(Source records)
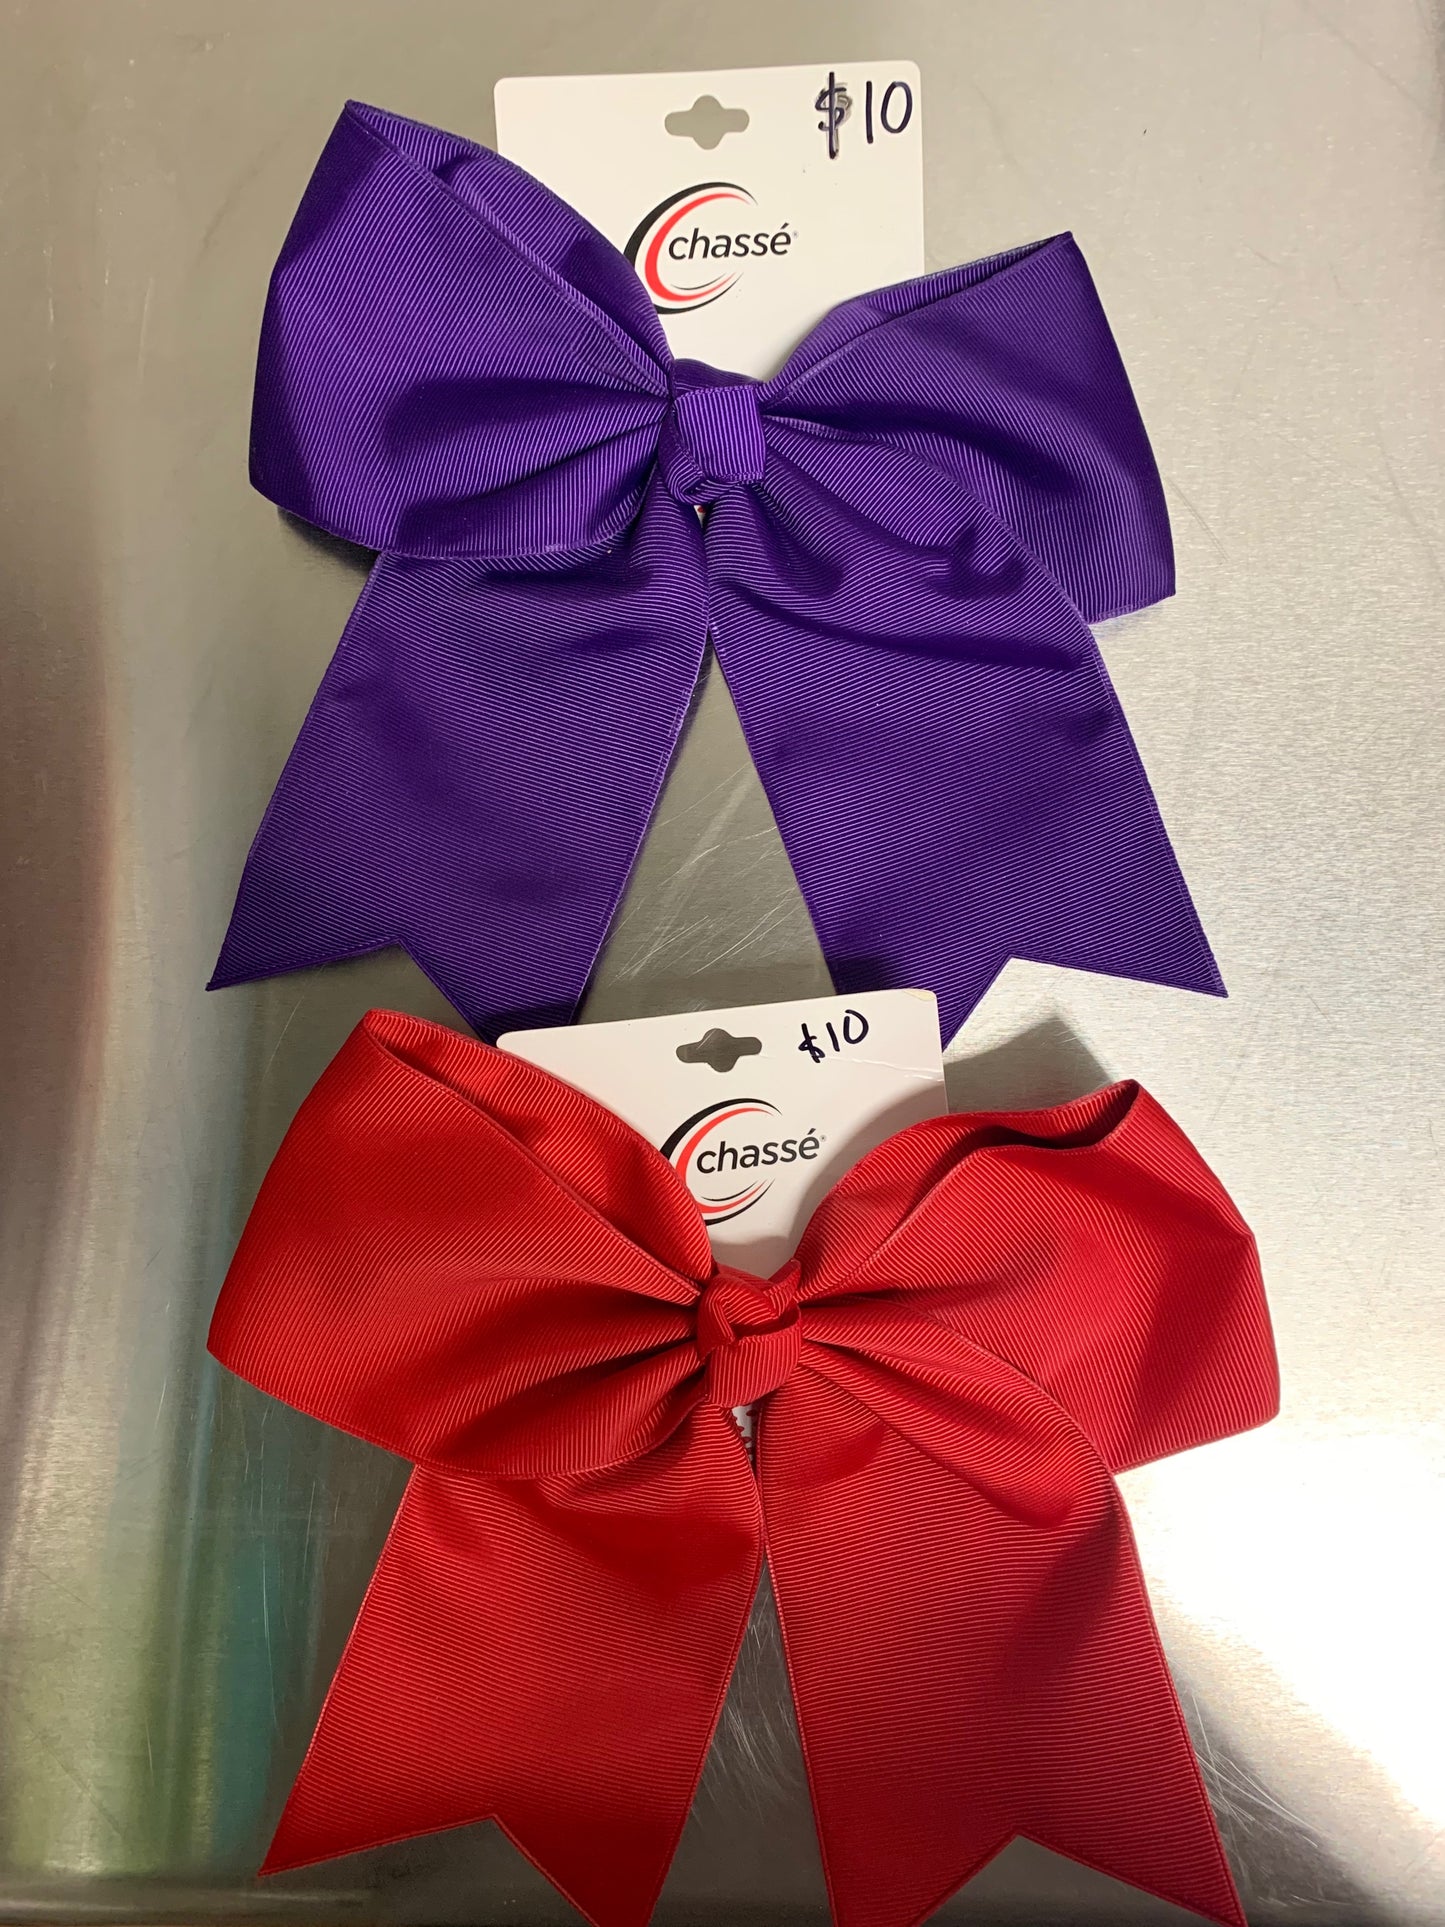 Chasse Cheer Bows
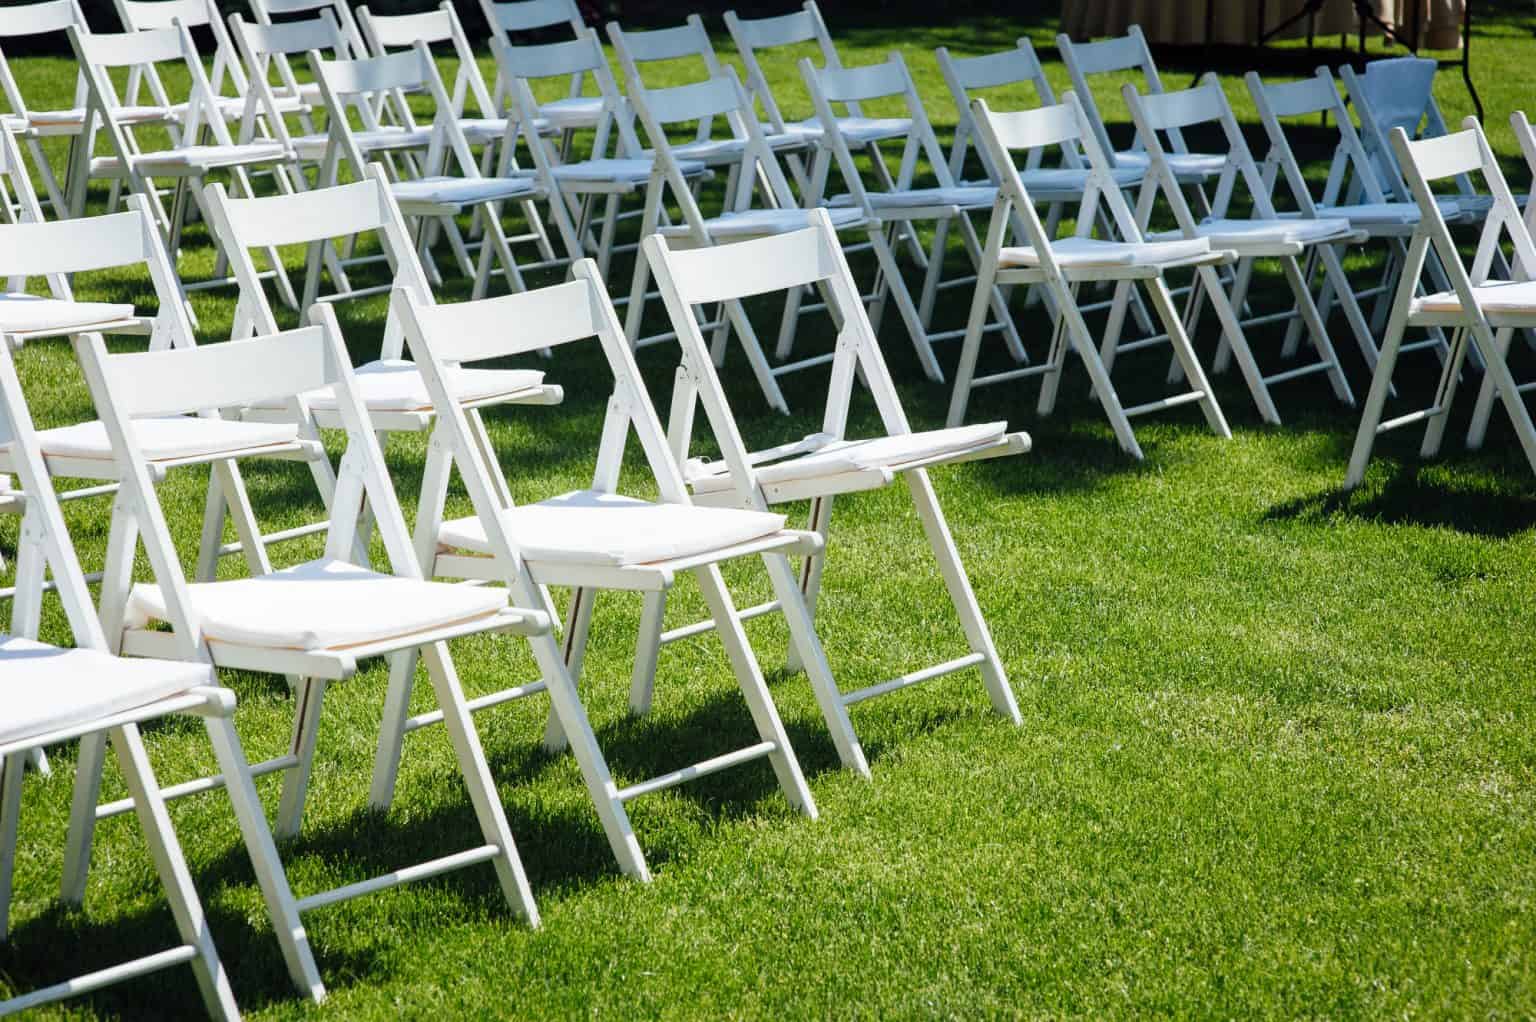 How To Keep Chairs From Sinking In Grass
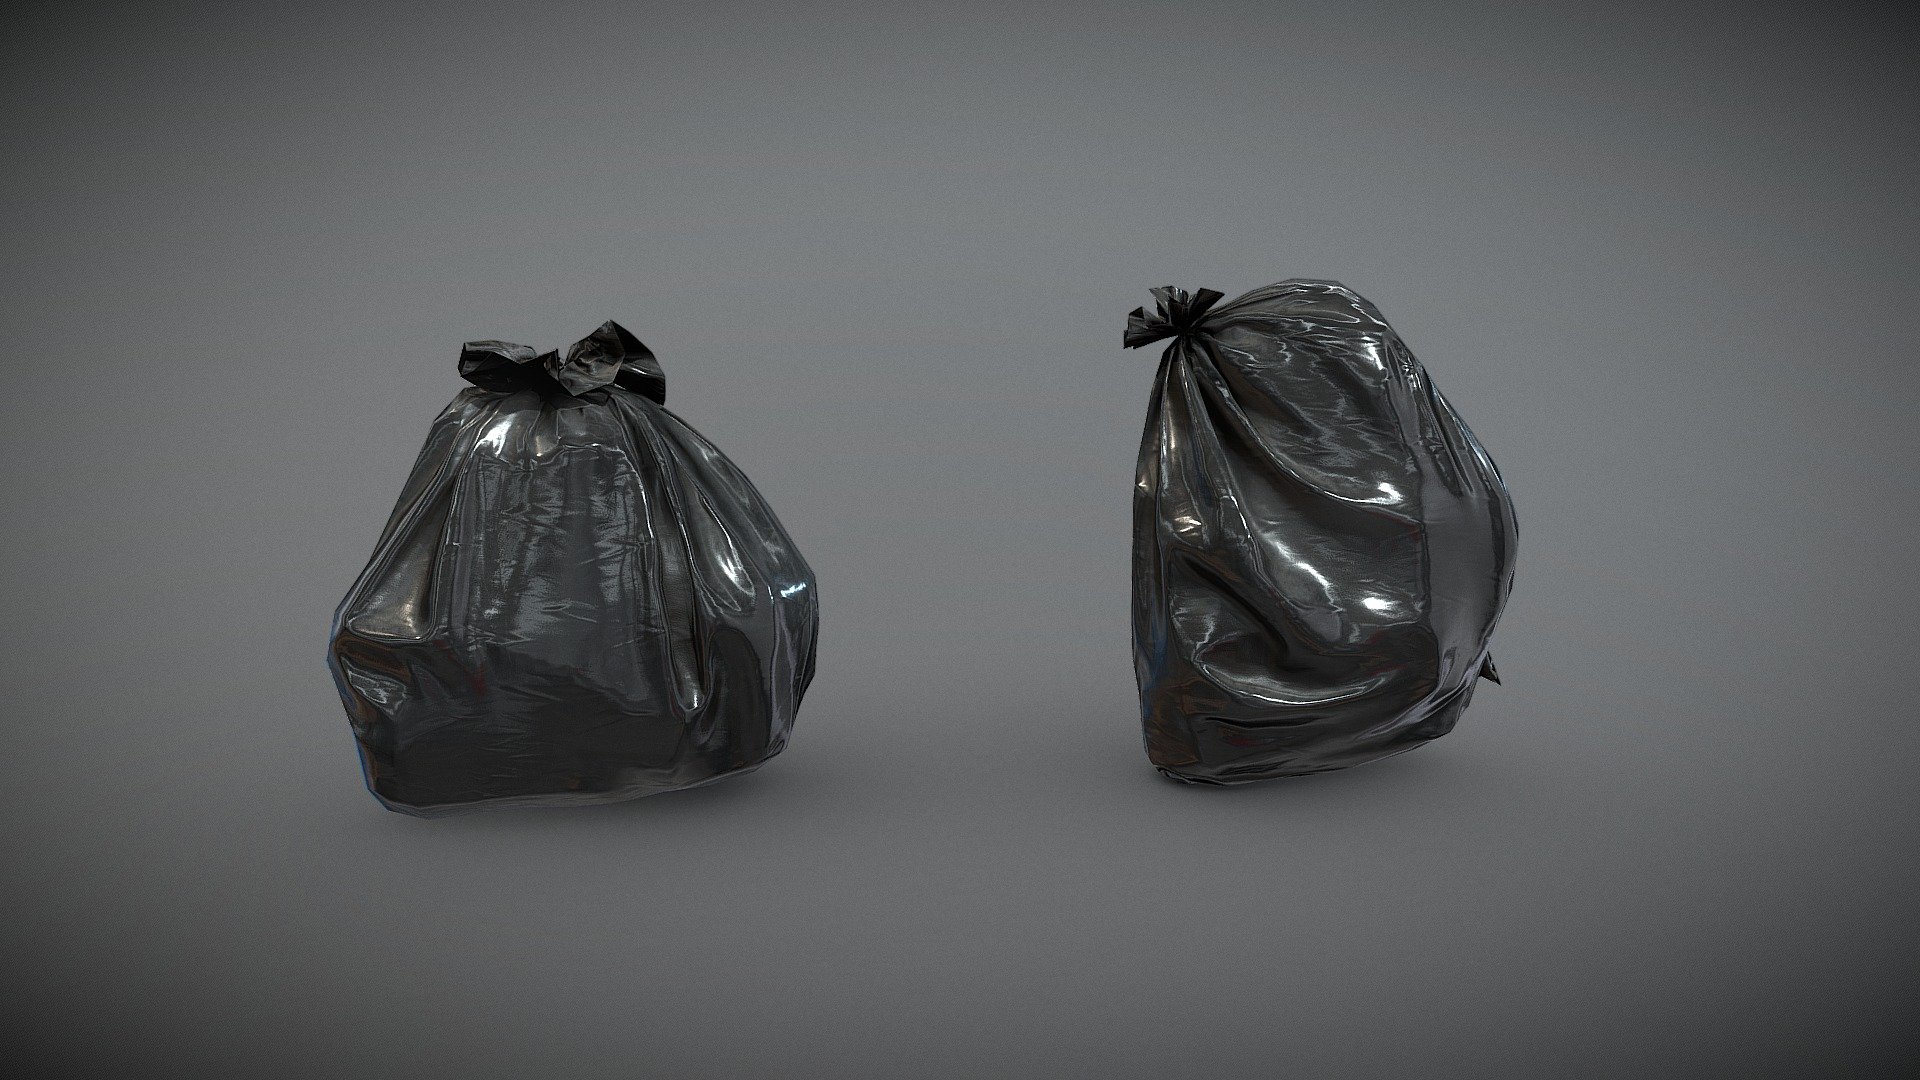 3D Low Poly game ready model of 2 Garbage Bags. 3 Different textures included:




Created with 3ds Max 2018.

Textured in Substance Painter.

Real-world scale and centered.

UnwrapUVW included.

The unit of measurement used for the model is centimeters.

Total poly for 2 bags: 1.240 (2.425 tris)

PBR Materials with 4k textures.

Textures included: Albedo, Normals, Metalness, Roughness, AO.

Rendered in Marmoset Toolbag

3 Albedo colors included.

Also included in Urban Trash Pack Vol 1, 2 &amp; 3

Formats included: FBX / OBJ / 3DS

This model can be used for any game, film, personal project, etc. You may not resell or redistribute any content - Plastic Garbage Bags - Low Poly - Buy Royalty Free 3D model by MSWoodvine 3d model

TASK DETAILS -> Nothing but a number is expected here: how many lines above include the string "Albedo".

YOUR RESPONSE -> 2